Another constant philosophical question, from Greek times up to the present,
has been to try to establish the difference between appearance and reality.
Once people learned about sense illusions, the question arose of how to tell
what seems to be from what really is. Skeptical thinkers have pressed the
claim that no satisfactory standard can be found that will actually work for
distinguishing the real from the apparent in all cases. On the other hand,
various philosophers have proposed many such criteria, none of which has been
universally accepted. Another type of question raised by philosophers is:
What is truth? Various statements about aspects of the world seem to be true,
at least at certain times. Yet experience teaches that statements that have
seemed to be true have later had to be qualified or denied. Skeptics have
suggested that no evidence would be able to tell, beyond any show of doubt,
that a given statement is in reality true. In the face of such a challenge,
philosophers have sought to find a criterion of truth, especially a criterion
of truth that would not be open to skeptical challenge.
Philosophers have also traditionally raised questions about values: What is
good? How can good be distinguished from bad or evil? What is justice? What
would a just society be like? What is beauty? How can the beautiful be
distinguished from the ugly? These questions all deal with matters of
evaluation rather than fact. Scientific investigation is of only slight help
in determining if abortion is bad or if Vermeer’s Milkmaid is a beautiful
picture. The values that are at issue are not perceived in the same way as
facts. If they were, much more agreement would exist about the specific
answers to value questions. The philosopher seeks to find some means of
answering these sorts of questions, which are often the most important ones
that a person can ask and which will exhibit the basis of a theory of values.
Philosophical methods
In view of the kinds of questions that philosophers deal with, what methods
does the philosopher use to seek the answers? The philosopher’s tools are
basically logical and speculative reasoning. In the Western tradition the
development of LOGIC is usually traced to Aristotle, who aimed at constructing
valid arguments and also true arguments if true premises could be uncovered.

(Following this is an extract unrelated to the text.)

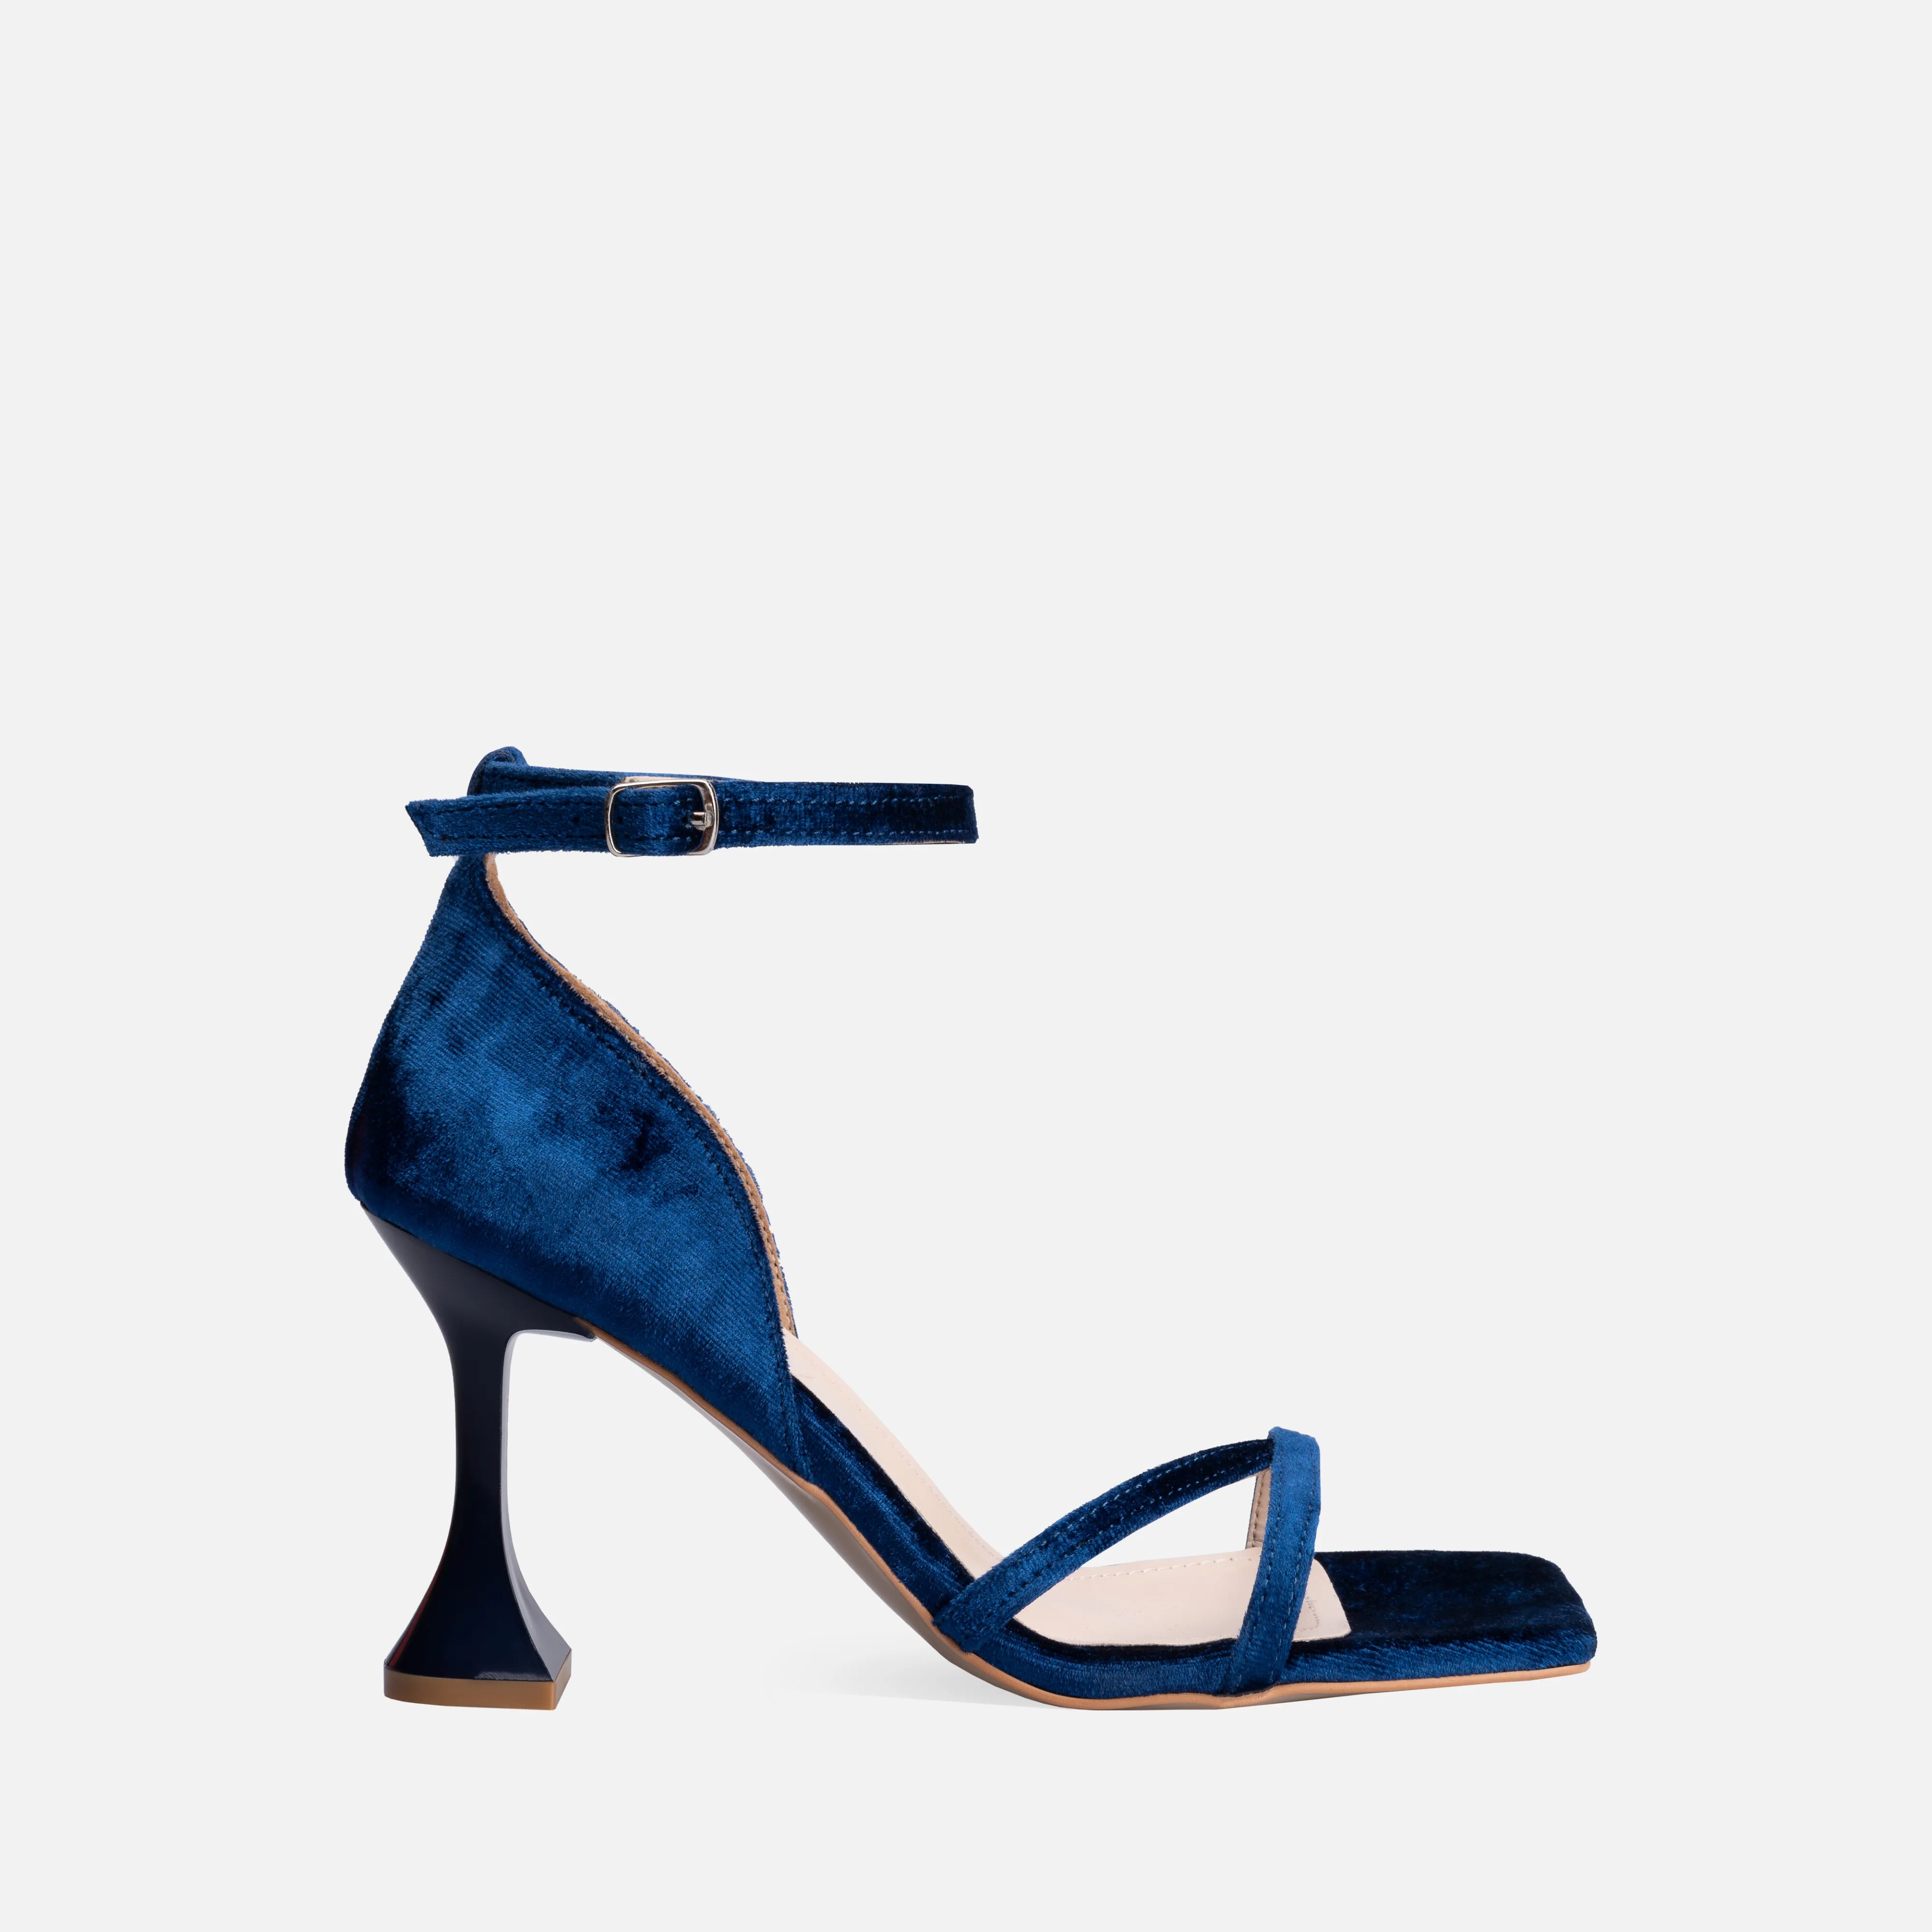 Kadife İnce Yüksek Topuklu Ayakkabı - Mavi

Logic has played an important role in ancient and modern philosophy–that of
providing a clarification of the reasoning process and standards by which valid
reasoning can be recognized. It has also provided a means of analyzing basic
concepts to determine if they are consistent or not.
Logic alone, however, is not enough to answer philosophers’ questions. It can
show when philosophers are being consistent and when their concepts are clear
and unambiguous, but it cannot ascertain if the first principles or the
premises are correct. Here philosophers sometimes rely on what they call
intuition and sometimes on a speculative reasoning process. From their initial
premises, philosophers then try to work out a consistent development of their
answers to basic philosophical questions, following the rules of logic.
Irrationalist philosophers, however, such as the Danish thinker Soren
KIERKEGAARD, have contended that the less logical the solution to philosophical
problems, the better. Philosophers such as these sometimes argue that the most
important elements of existence and experience cannot be contained by logic,
which is, after all, an element of experience itself. The part, they argue,
cannot explain the whole.
Philosophy’s relation to other disciplines
Philosophy is both related to most disciplines and yet different from them.
Almost from the beginning of both mathematics and philosophy in ancient Greece,
relations were seen between them. On the one hand, the philosophers were
strongly impressed by the degree of certainty and rigor that appeared to exist
in mathematics as compared to any other subject. Some, like the
philosopher-mathematician PYTHAGORAS OF SAMOS, felt that mathematics must be
the key to understanding reality. Plato claimed that mathematics provided the
forms out of which everything was made. Aristotle, on the other hand, held
that mathematics was about ideal objects rather than real ones; he held that
mathematics could be certain without telling us anything about reality. In
more modern times, Descartes and Baruch SPINOZA used mathematics as their model
and inspiration for formulating new methods to discover the truth about
reality. The philosopher-mathematician Gottfried Wilhelm von LEIBNIZ, the
co-discoverer (with Isaac Newton) of calculus, theorized about constructing an
ideal mathematical language in which to state, and mathematically solve, all
philosophical problems. Similar views have been advanced in the 20th century
as ways of resolving age-old philosophical difficulties. Attempts to
accomplish this have found far from unanimous approval, however.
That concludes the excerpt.